2º – Auditar o FICM tal como impõem a alínea bb) do nº 1 do artigo 144º da Lei 36/11 de 21 de Dezembro; os nºs 1 e 2 do artigo 31º da Lei 12/12 de 13 de Abril e do artigo 57º da Lei 8/15 de 15 de Junho, devendo a CNE, garantir ao País a efectivação dessa auditoria de interesse público antes de elaborar os cadernos eleitorais.

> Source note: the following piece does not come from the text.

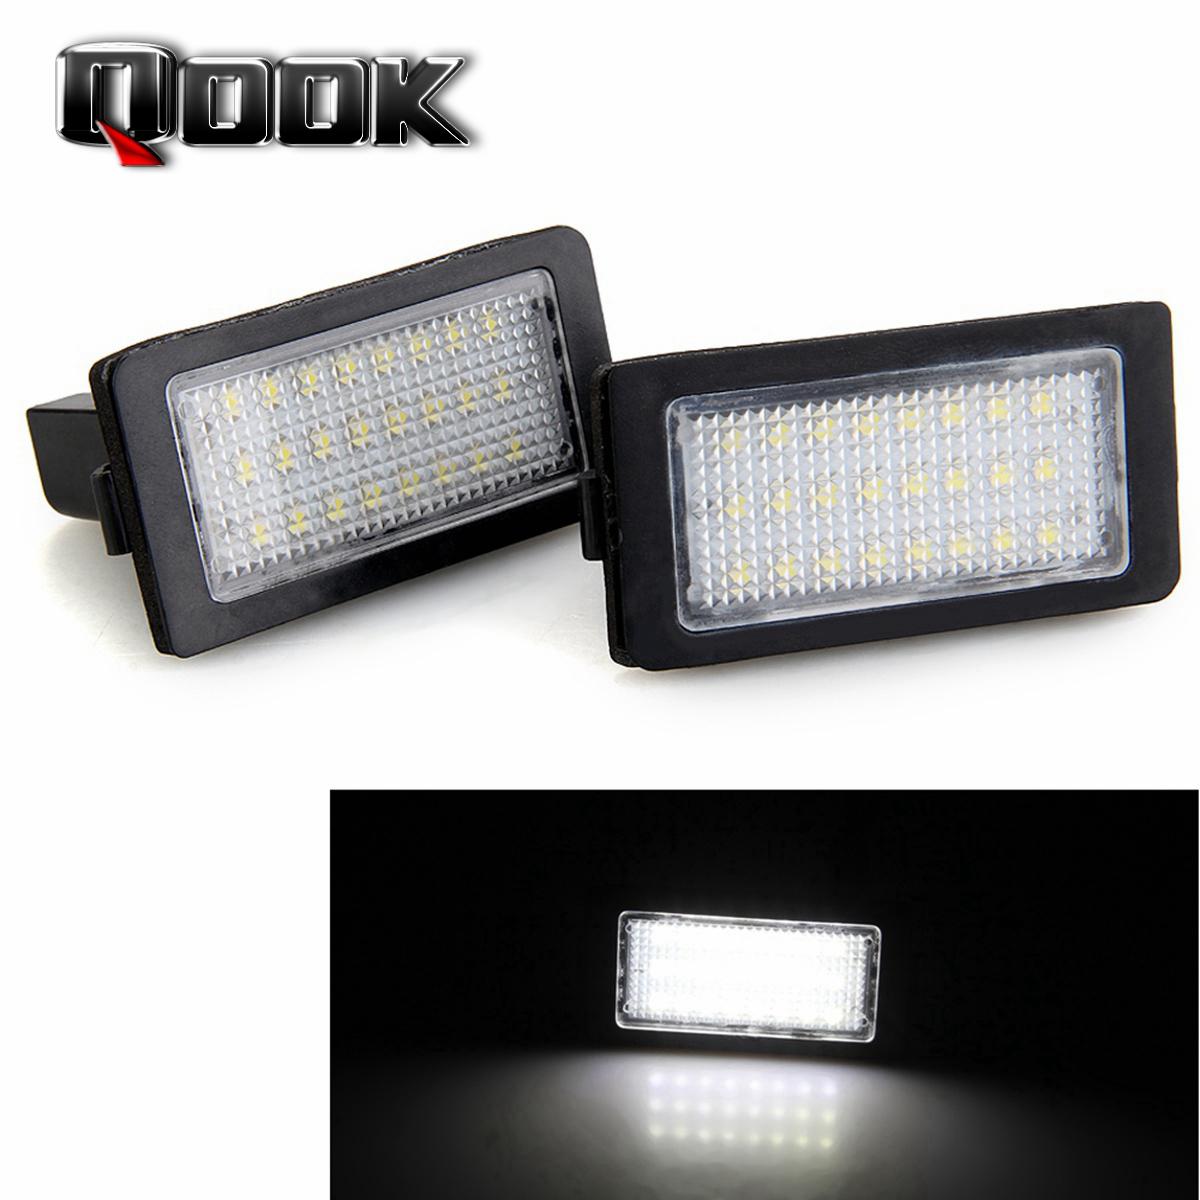 Qook 2piece 24 LED 3528 SMD DC 12V License Plate Light Lamp White for BMW E38(China (Mainland))

Por outras palavras com a auditoria pretende-se efectuar testes diversos adequados às circunstâncias de modo a poder:

a) Atestar a integridade e segurança da BDCM no que respeita à sua arquitectura, estrutura dos programas fontes, acessos e procedimentos de manutenção e gestão;

b) Confirmar a incorporação da BDCM de todos os dados constantes do FICRE à data da publicação da lei nº 8/15 (artigo 71º);

c) Atestar o grau de observância dos princípios da universalidade, imparcialidade, unicidade e inscrição única pela entidade registadora, tal como estes princípios são definidos na lei;

d) Determinar o número e a identidade dos cidadãos cuja área de registo ou de residência foi atribuída com base no ultimo acto eleitoral (de 2012), como dispõe o artigo 17º, nº3;

e) Rever o número e listar a identidade dos cidadãos eliminados como falecidos, por comunas e distritos, de forma automática ou manual, e emitir uma opinião sobre se foram observados os artigos 27º, 25º, nº4 e 24º, nº5;

f) Identificar e listar por comunas e distritos o número de cidadãos inscritos na BDCM que, estando registados com registo permanente e vitalício, não fizeram prova de vida;

g) Determinar o número de cidadãos inscritos na BDCM a partir da Base de Dados de Identificação Civil.”